Still, Furman admits that the 2% threshold he and Summers arrived at for real net interest to GDP is “arbitrary.” It’s based on looking at experience in other countries, historical experience in the United States, our instincts, et cetera. I’m not sure that’s fair.

His co-author Summers, who is a paid Bloomberg Television contributor, warned earlier this year that a rising debt burden could end up pushing up interest rates, adding pressure on the budget deficit. and could turn into a “vicious circle”.

‘Risk management’

More than a precise level, it is the trajectory of the debt that can prove to be critical. A big threat to those watching the Yellen measure is a scenario in which interest rates remain high even after inflation falls. This would see debt service costs adding to the burden without being offset by rising prices, as is currently the case.

This, Yellen acknowledged, would pose considerable problems. But she doesn’t expect that to happen because she’s in the camp of economists who anticipate a return to the regime of low inflation and low rates that has dominated the past two decades once the pandemic price spike is over. controlled by the Fed.

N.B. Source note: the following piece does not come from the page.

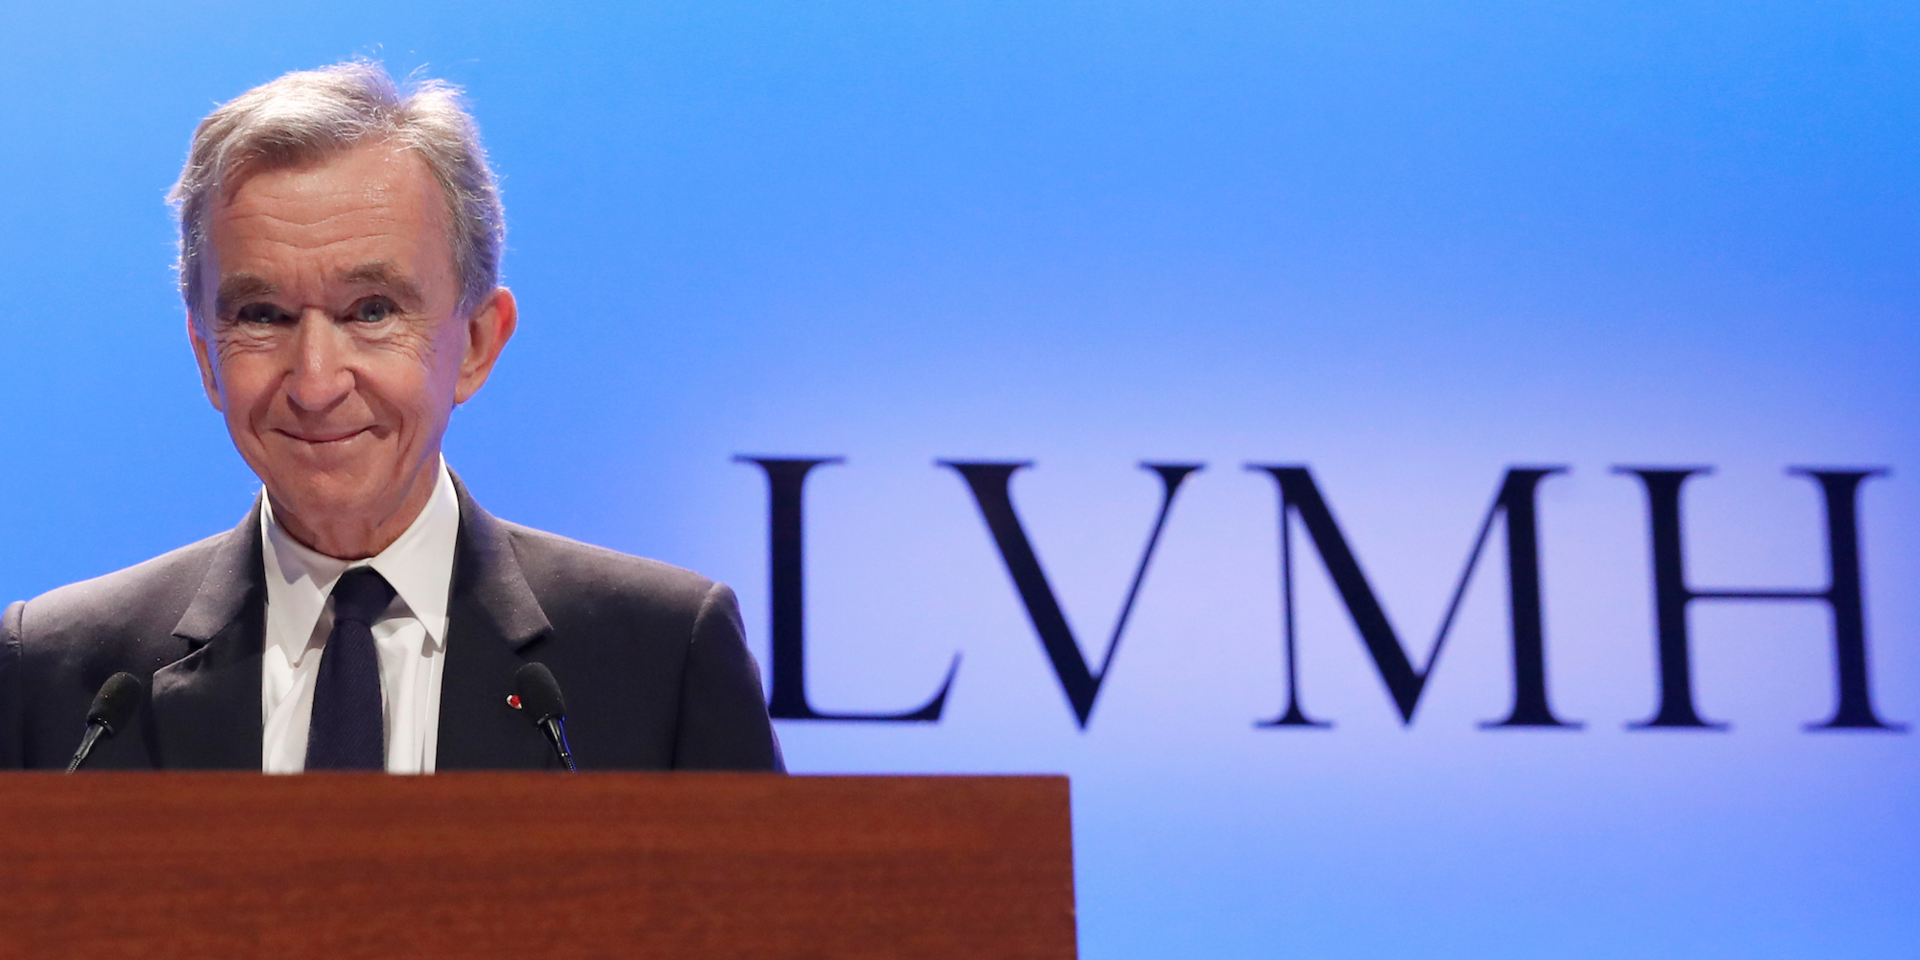 Tỉ phú Bernard Arnault (70 tuổi) là người đứng sau đế chế LVMH, tập đoàn hàng đầu thế giới về xa xỉ phẩm với 70 thương hiệu cao cấp cùng khoảng 4.000 nhà bán lẻ, hoạt động trong 6 lĩnh vực nổi bật. Ảnh: AP

Wendy Edelberg, former chief economist at the Congressional Budget Office, says better budgeting will be needed in the long run because “you can’t ask the federal government to take actions over time that perpetually reduce the amount of savings into the economy and perpetually crowds out ever more private investment.

In the meantime, she advocates keeping tabs on a range of debt metrics to determine where danger may be lurking. “Part of it is just risk management,” she says.